While infostealer malware presents a considerable threat on its own, a late 2024 study by SpyCloud found that it is also one of the biggest drivers of a surge in ransomware attacks on the year. It is a flexible method as attackers can actively phish targets with it via malicious attachments or installer links, but can also put it out passively in the form of all sorts of executables ranging from video game mods to seemingly legitimate productivity software. Once a system is compromised it provides a convenient way to extract sensitive information before deploying ransomware. The popular tools can strip a system of valuable information in a matter of minutes, but often also linger by installing keyloggers and screenshot grabbers to continue harvesting credentials over time.

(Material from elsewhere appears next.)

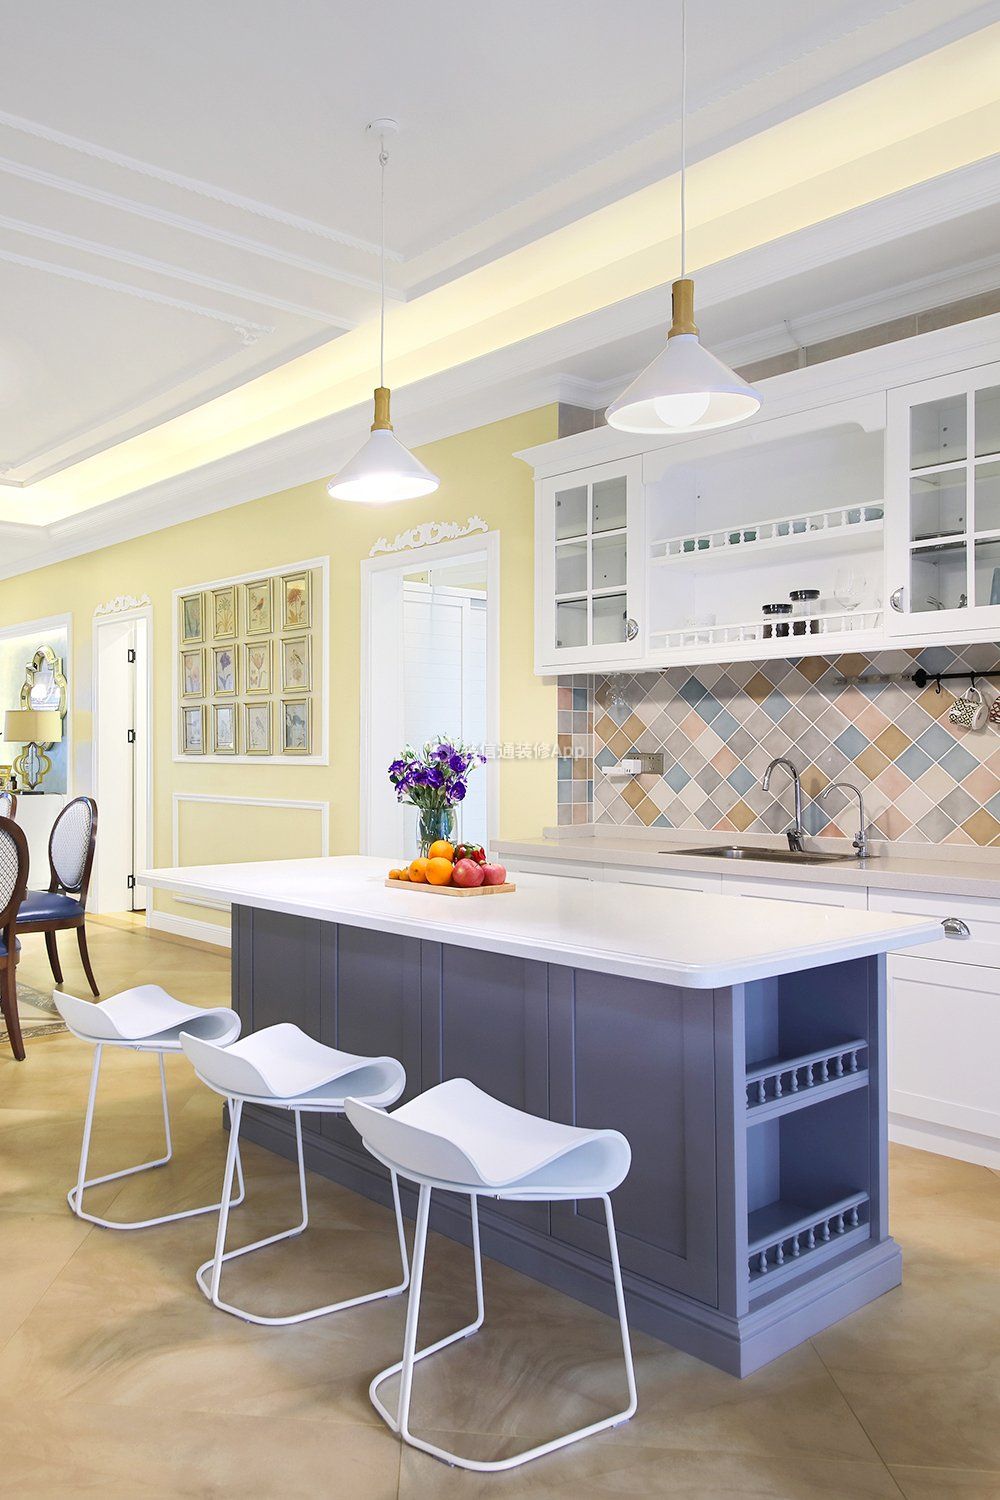 美式新房装修开放式厨房中岛设计图片

Infostealer malware tools also have a low barrier to entry for aspiring criminals, with “licenses” to the most popular tools sold via dark web forums and Telegram for about $100 to $500 per month. Jason Soroko, Senior Fellow at Sectigo, notes that this also should be one of the simpler threats to prepare for despite its seeming ubiquity in the US military: “Infostealer infections in the US military and top defense contractors expose a systemic cybersecurity lapse. Lax endpoint defenses, outdated patching protocols, and human error are enabling cheap breaches—even in high-stakes environments. If organizations with deep pockets and top talent are vulnerable, rank-and-file companies, often under-resourced and less rigorous, face even graver risks. Companies must act now. Tighten security with zero trust architectures, continuous audits, and robust employee training. Update systems regularly, enforce strict access controls, and assume breach as a possibility. Cyber hygiene isn’t optional but should be considered a critical part of our defense in an era where a $10 exploit can topple even the most advanced networks.”
Kent Wilson, Vice President, Global Public Sector at Bugcrowd, adds: “This problem isn’t new, and it’s certainly not ‘just beginning.’ The reality is that when an adversary targets an individual, eventual compromise is inevitable—whether it’s in the defense sector or the private sector. Human behavior remains the weakest link in security, and no amount of investment in classified networks or perimeter security can fully prevent an employee from unknowingly downloading infostealer malware that exposes credentials. The lesson is clear: if you’re online, you’re a target. Every business—whether they serve the DOD or not—has employees who hold sensitive credentials that adversaries can exploit. That said, there’s no reason to make it easy for attackers. Organizations need to stop treating cybersecurity as a one-time project and adopt continuous, proactive security programs. Traditional defenders are in a knife fight every day, and staying ahead of attackers is difficult. Bug bounties, red teaming, penetration testing, and vulnerability disclosure programs (VDPs) all help uncover security gaps before adversaries do. If you’re not actively testing your defenses and your people, attackers will do it for you.”